I need to show every automorphism of a tree fixes an edge or a vertex. I am aware of the classic inductive proofs of this fact, but I wanted to try this algebraically. I am fairly new to graph theory so I am not sure if this is a valid method.
Consider Tree $T = (V,E)$. Then an Automorphism of $T$ can be represented by permutation cycles of the vertices or a permutation cycle of edges. Since a tree has $v$ vertices and $v-1$ edges $\implies$ either the permutation of edges or the permutation of vertices must be even depending on $v$. But of course, every even permutation is a product of $3-cycles$.
It can easily be checked by hand or by a computer that any permutation of a $3-cycle$ of vertices of $T$ fixes a vertex or edge. Similarly, a $3-cycle$ of edges of $T$ fixes an edge or a vertex. So, since any automorphism of $T$ can be written as a product of $3-cycles$, then $T$ must fix an edge or vertex.

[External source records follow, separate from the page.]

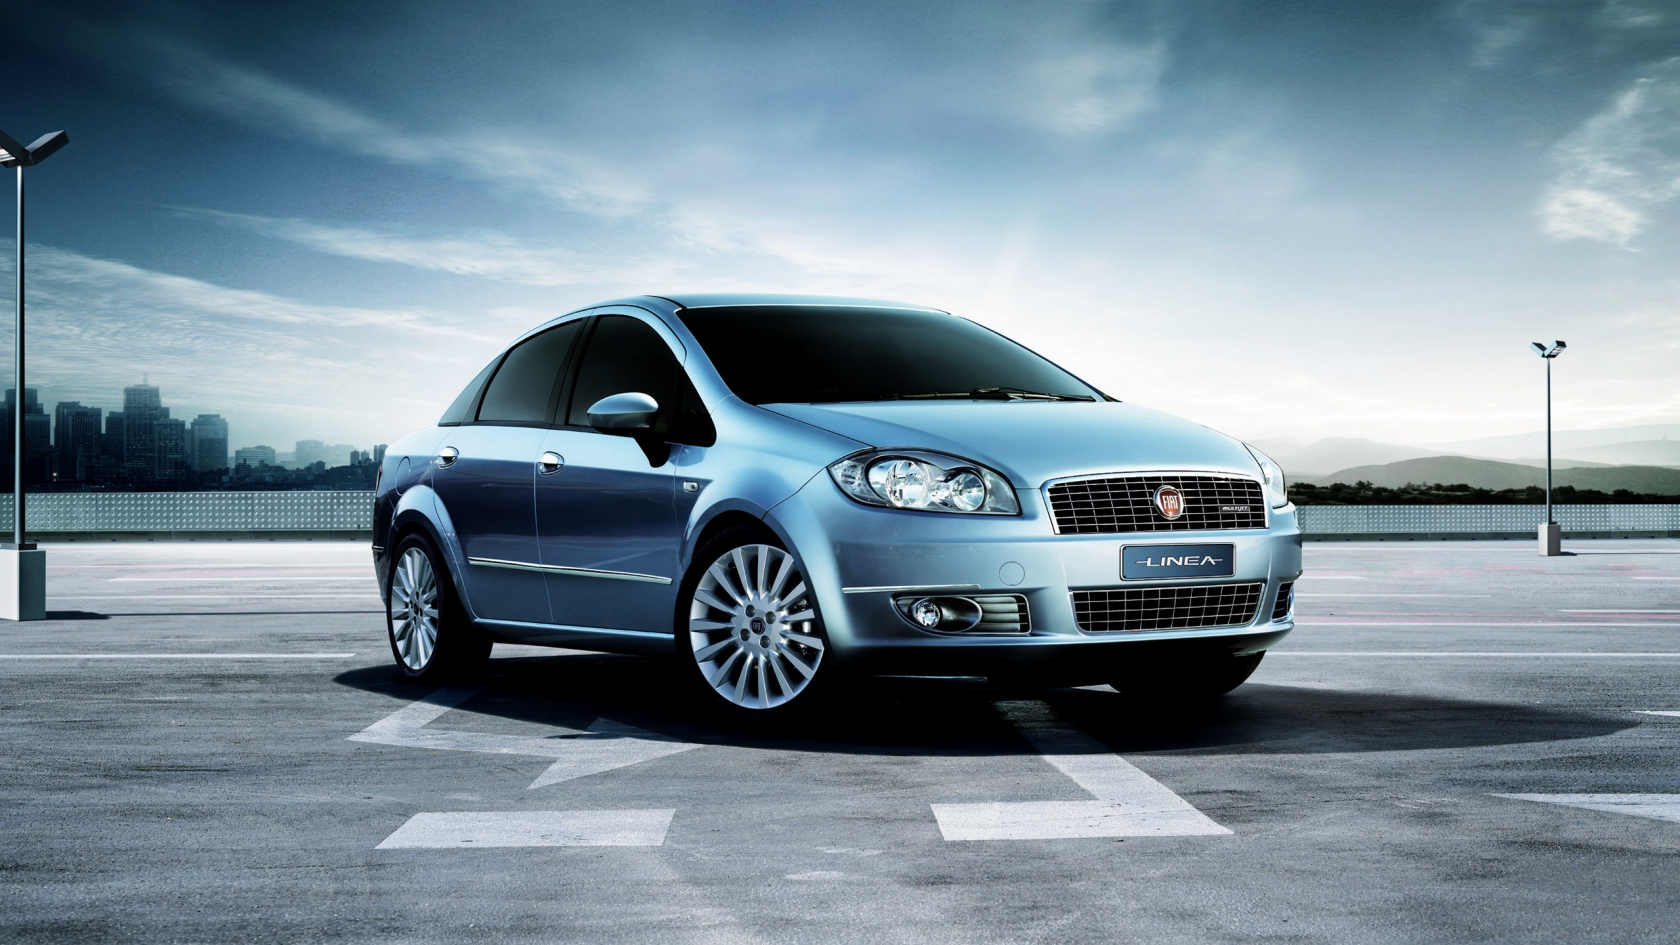 Fiat Linea 2009 for 1680 x 945 HDTV resolution
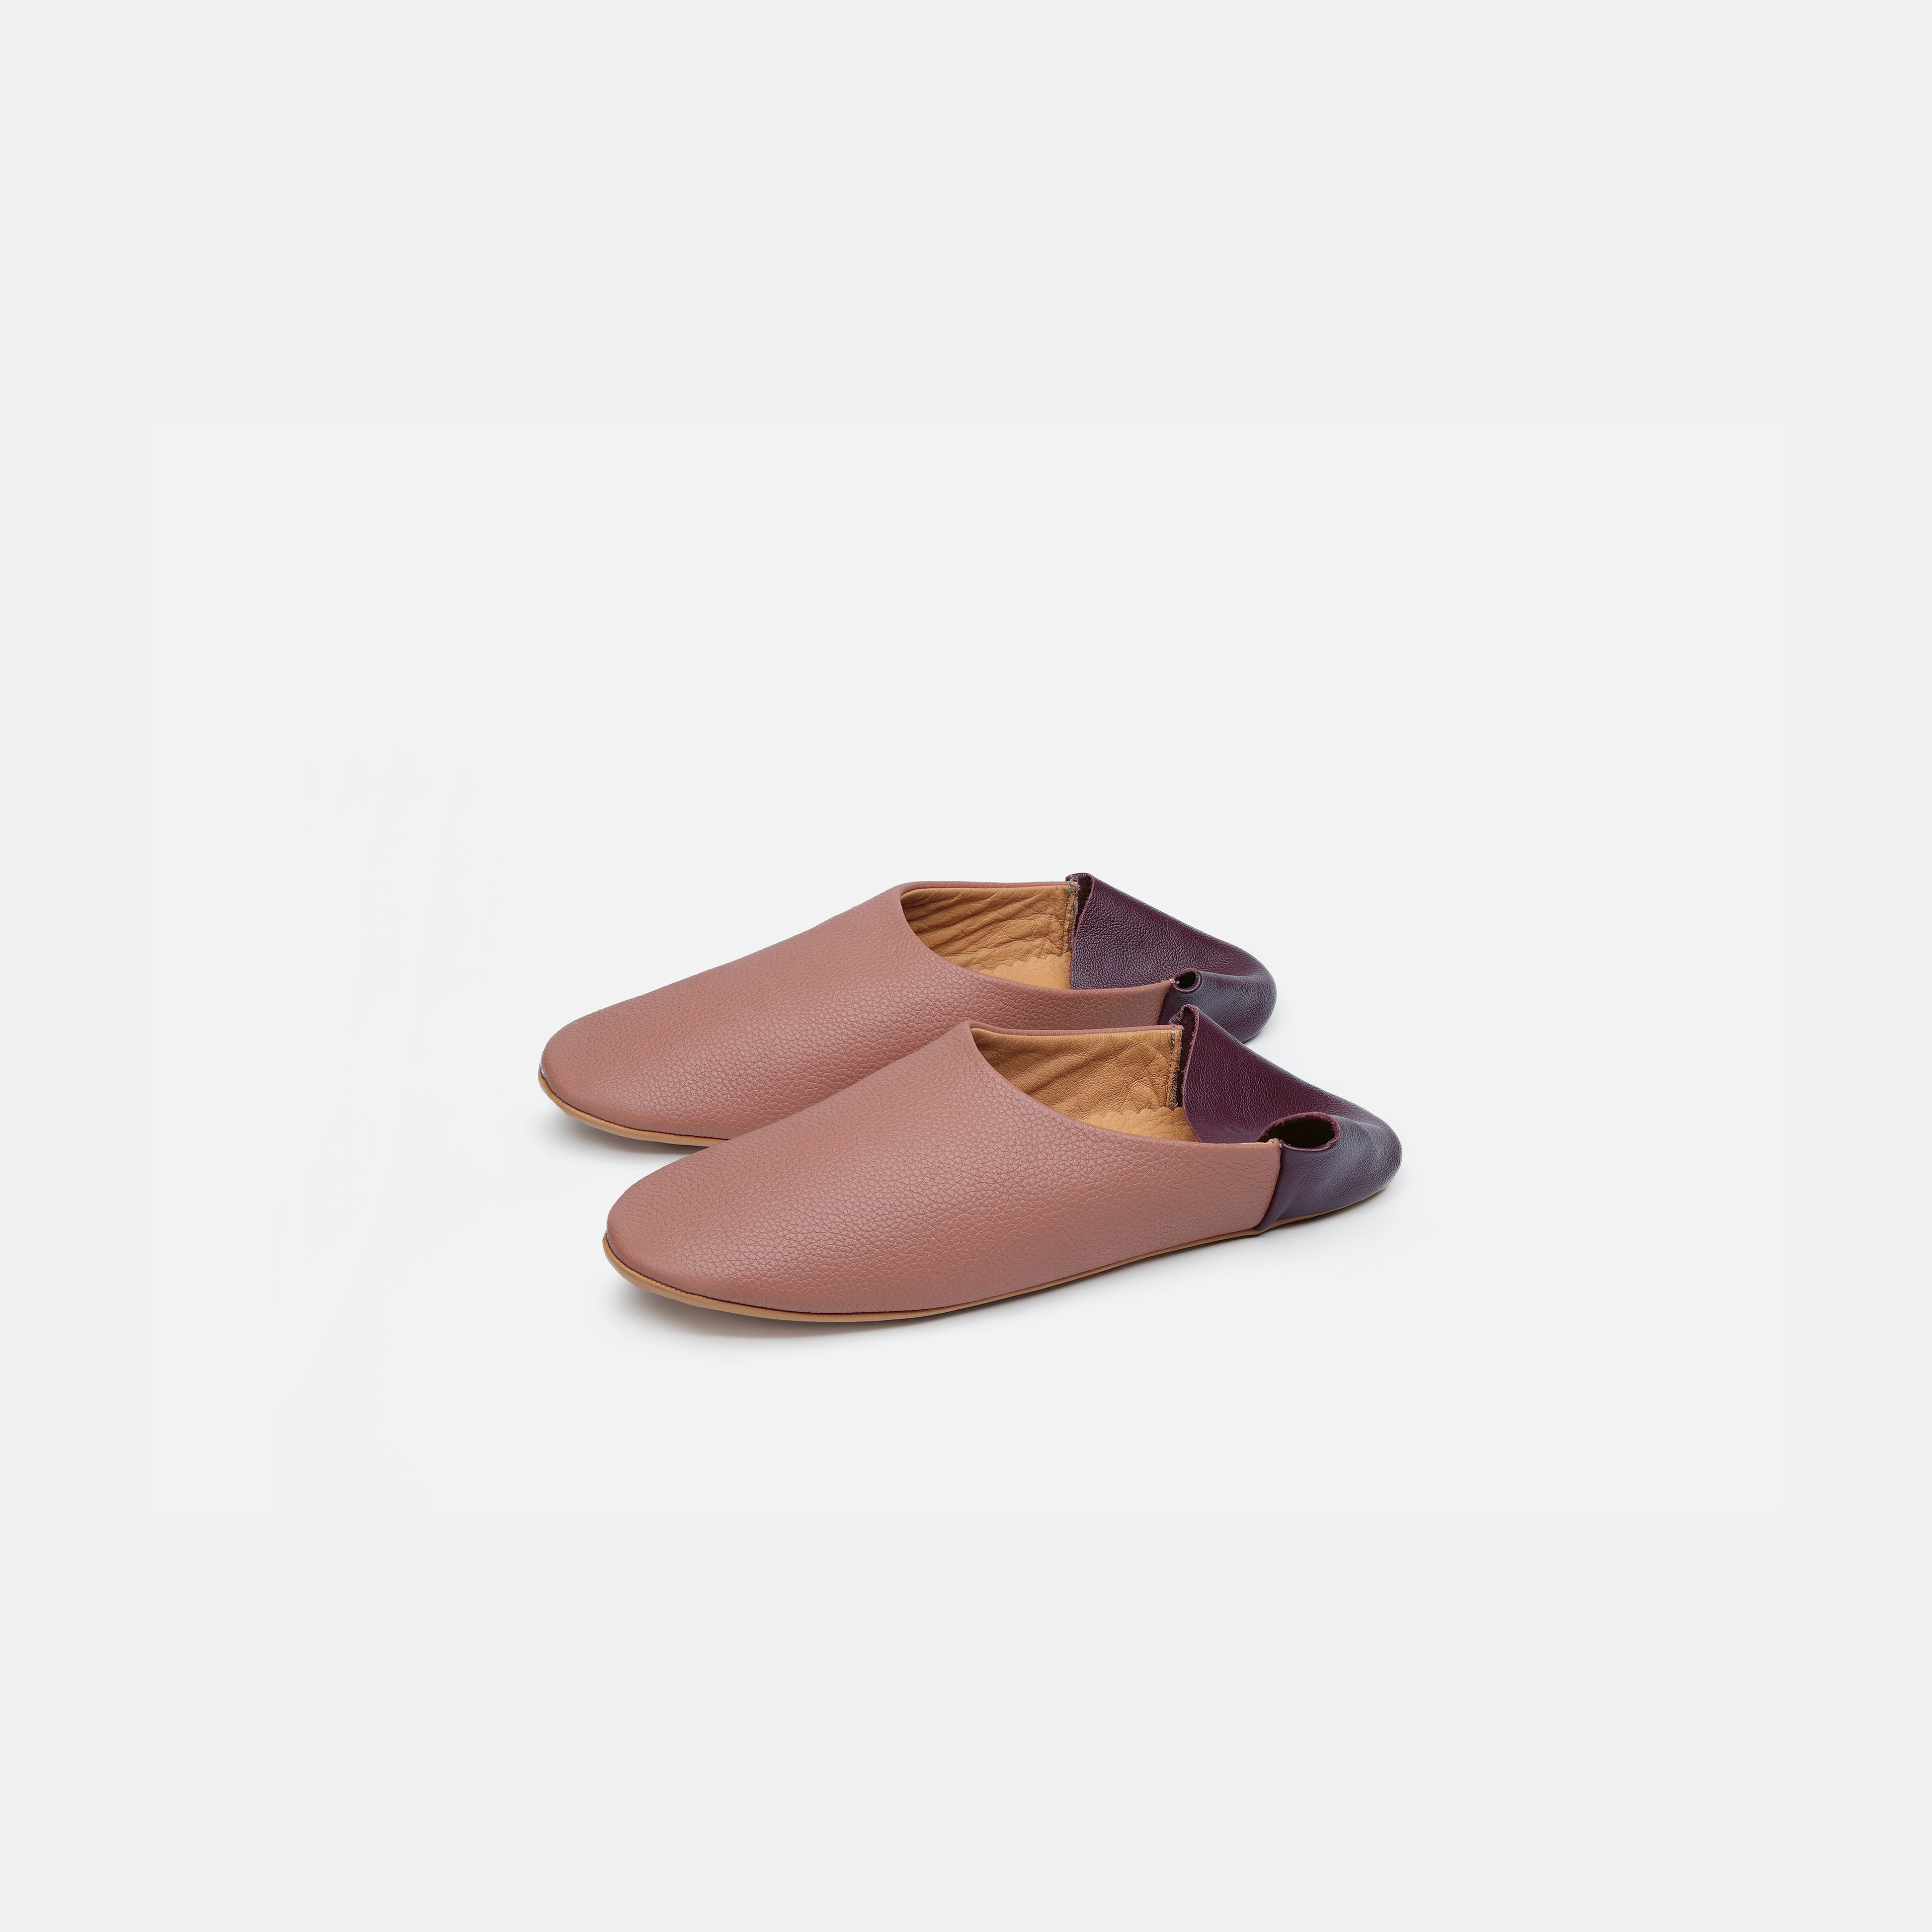 Dusty Pink & Aubergine Leather House Slippers
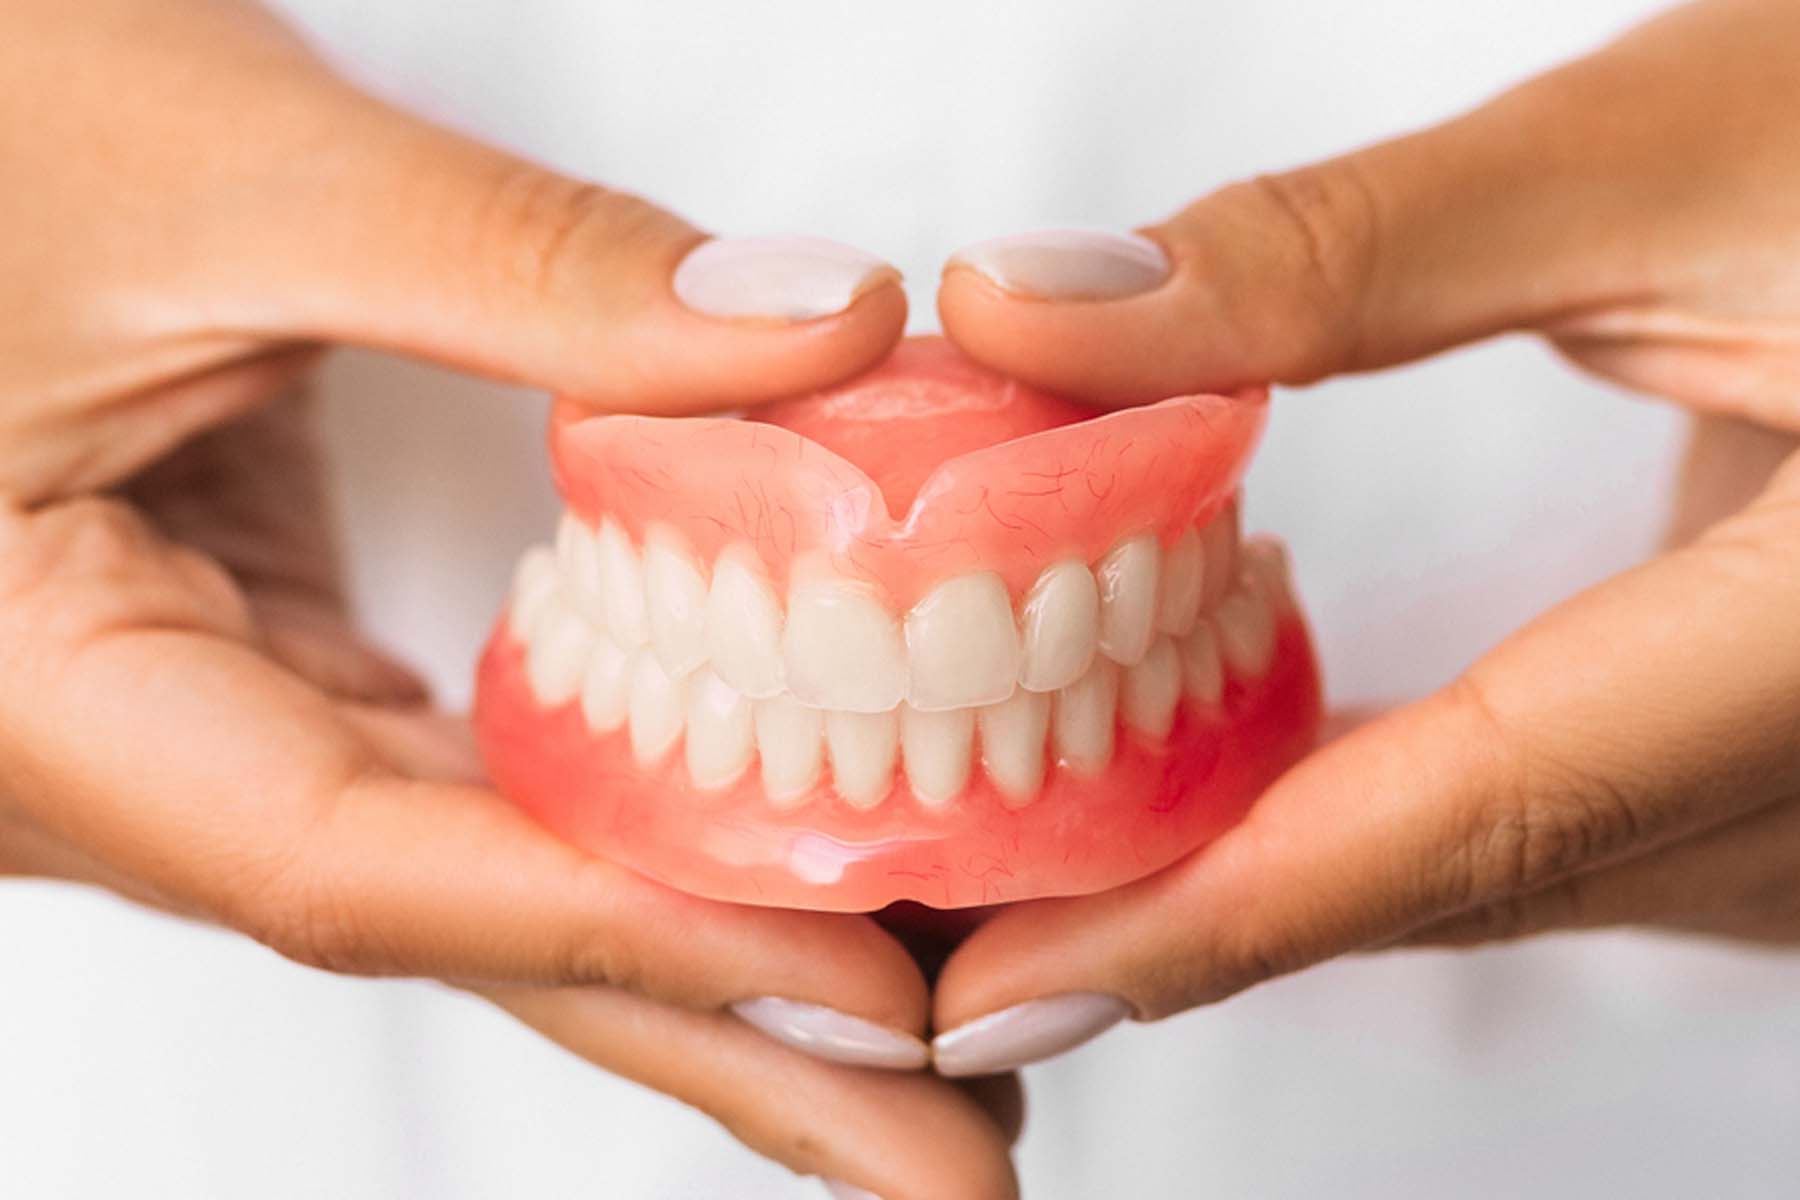 How Long Does It Take To Get Dentures After Teeth Are Pulled?

Any help showing if this is valid, or why it is invalid would be greatly appreciated.
It is not fair to conclude that because one of $|V|$ or $|E|$ is even, the permutation of either $V$ or $E$ must be even.
For example, consider the tree
and consider the automorphism that swaps $a,b$ (leaving $c,d,e$ fixed). This is an odd permutation of the vertices (because two vertices are swapped), and also an odd permutation of the edges (because the edges $ae, be$ are swapped, leaving the other edges alone).
Even a permutation of an even set with no fixed points can be odd. For example, we can permute $\{1,2,3,4\}$ by $(1\;2)\;(3\;4)$ (an even permutation) or by $(1\;2\;3\;4)$ (an odd permutation).